# Hurrying soap along



## susie (Oct 28, 2007)

I need to get my soap ready to sell-- It's already cut and curing-- does being in dehydrator do anything but take out the water? Is there any way to have it ready in a week and a half?
Or can I OP my GM soap and have it turn out ok?

Thanks!


----------



## Guest (Mar 19, 2008)

If you put your cut and curing soap in the oven, it will melt and make a big, big mess.... Did you use the full water amount? try putting it in a dry area, where there is no humidy and putting a fan on it helps.. YOu can use your soap right away, it just stays softer, therefore melts away faster.. curing for four to six weeks is best.. 
Barbara


----------



## Kalne (Oct 25, 2007)

I have heard a dehydrator is NOT a good idea.
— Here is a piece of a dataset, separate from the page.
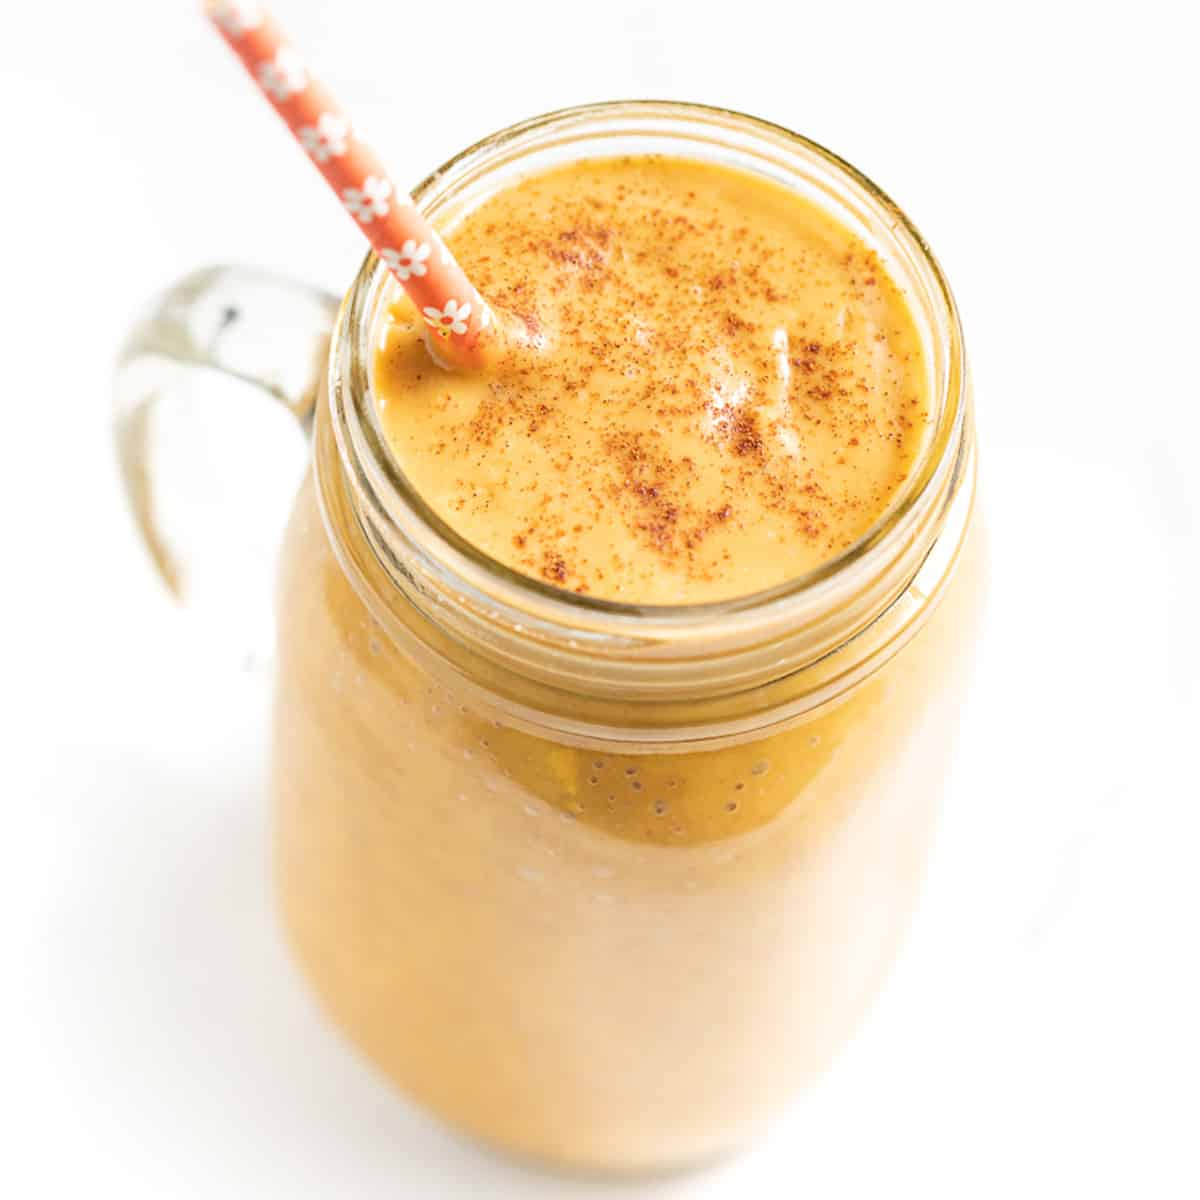 sweet potato smoothie with an orange flowery straw
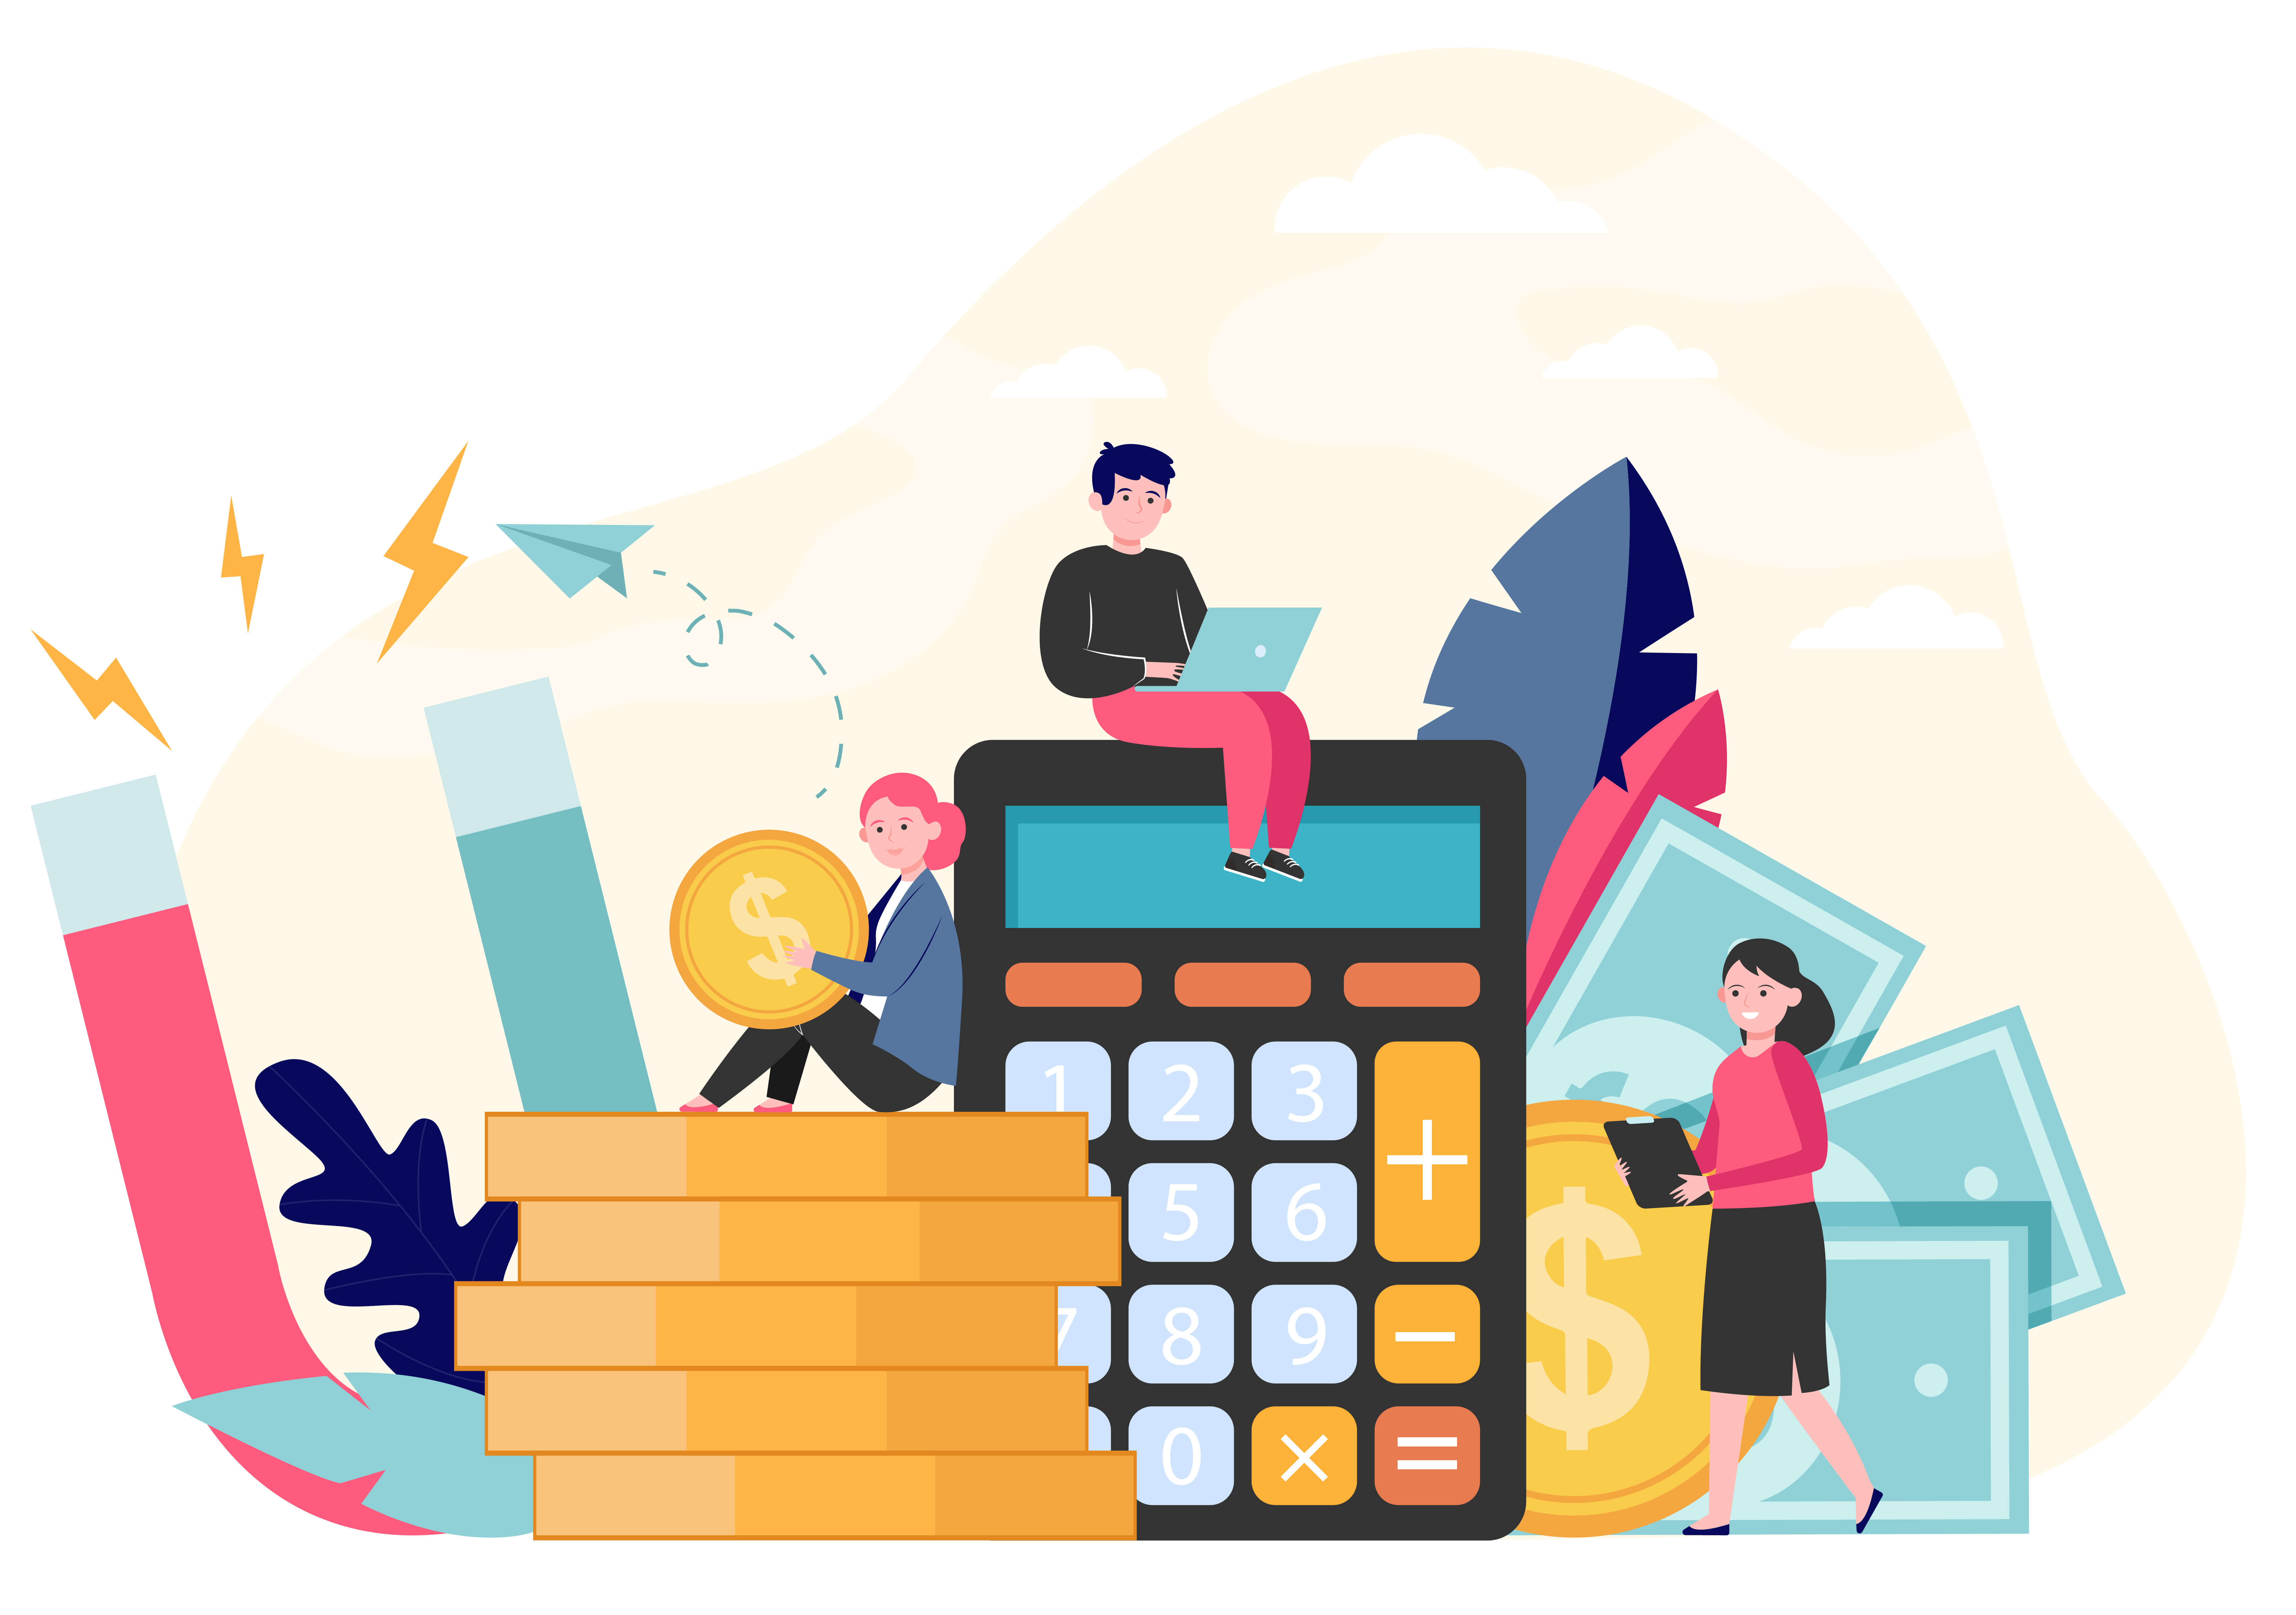 How to Login and Deposit Money in Binarium

When I need something sooner than 4 weeks I cut the liquid *if* I know my recipe and/or scent can handle it.


----------



## susie (Oct 28, 2007)

MRFBarbara said:


> If you put your cut and curing soap in the oven, it will melt and make a big, big mess.... Did you use the full water amount? try putting it in a dry area, where there is no humidy and putting a fan on it helps.. YOu can use your soap right away, it just stays softer, therefore melts away faster.. curing for four to six weeks is best..
> Barbara


Nope I meant can I make another batch and Op it without any worries??
Will it get too hot?

Thanks!


----------



## Sondra (Oct 25, 2007)

Yes I cp op GM soap all the time in fact that is all I do. It is usable right away tho better if is sits a bit.


----------



## susie (Oct 28, 2007)

Does the Gm soap get too hot in the oven?


----------



## Kalne (Oct 25, 2007)

I've done some that way too. Some fo's will cause it to get too hot. Honey may or may not depending on how much you use.


----------



## Guest (Mar 20, 2008)

Also, depending on the flash point of your fragrance.. it can burn the fragrance off.. most fragrances have a high flash point, but there are some low ones out there.. 
You can also make another batch and do a big water/milk discount.. and your soap will be ready in a week.. It is best to know how your fragrance behaves before trying this.. I never do this with florals, they always seize on me... many scents can be used with a huge water discount tho.. 
Barbara


----------



## Happytailzfarm (Jan 5, 2008)

MRFBarbara said:


> Also, depending on the flash point of your fragrance.. it can burn the fragrance off.. most fragrances have a high flash point, but there are some low ones out there..
> 
> Barb, thank you so much for clearing up for me what flashpoints are, Call me silly but I just thought that they were just something that you had to be aware of when shipping them... a BIG THANK YOU!!!! Now I will have to figure out what my scents are because I have always "put my soap to bed" and if that gets too hot I dont want the scent to be weak.
> Aletha


----------



## Happytailzfarm (Jan 5, 2008)

How do I do a quote and then reply to that quote without my message showing up in the quote box?
Aletha


----------



## susie (Oct 28, 2007)

Happytailzfarm said:


> How do I do a quote and then reply to that quote without my message showing up in the quote box?
> Aletha


at the begiining of the quote and at the end is a quote mark (/quote) or something like this-- make sure you type before or after that, as it signifies the typing that will appear in the box.

Susie


----------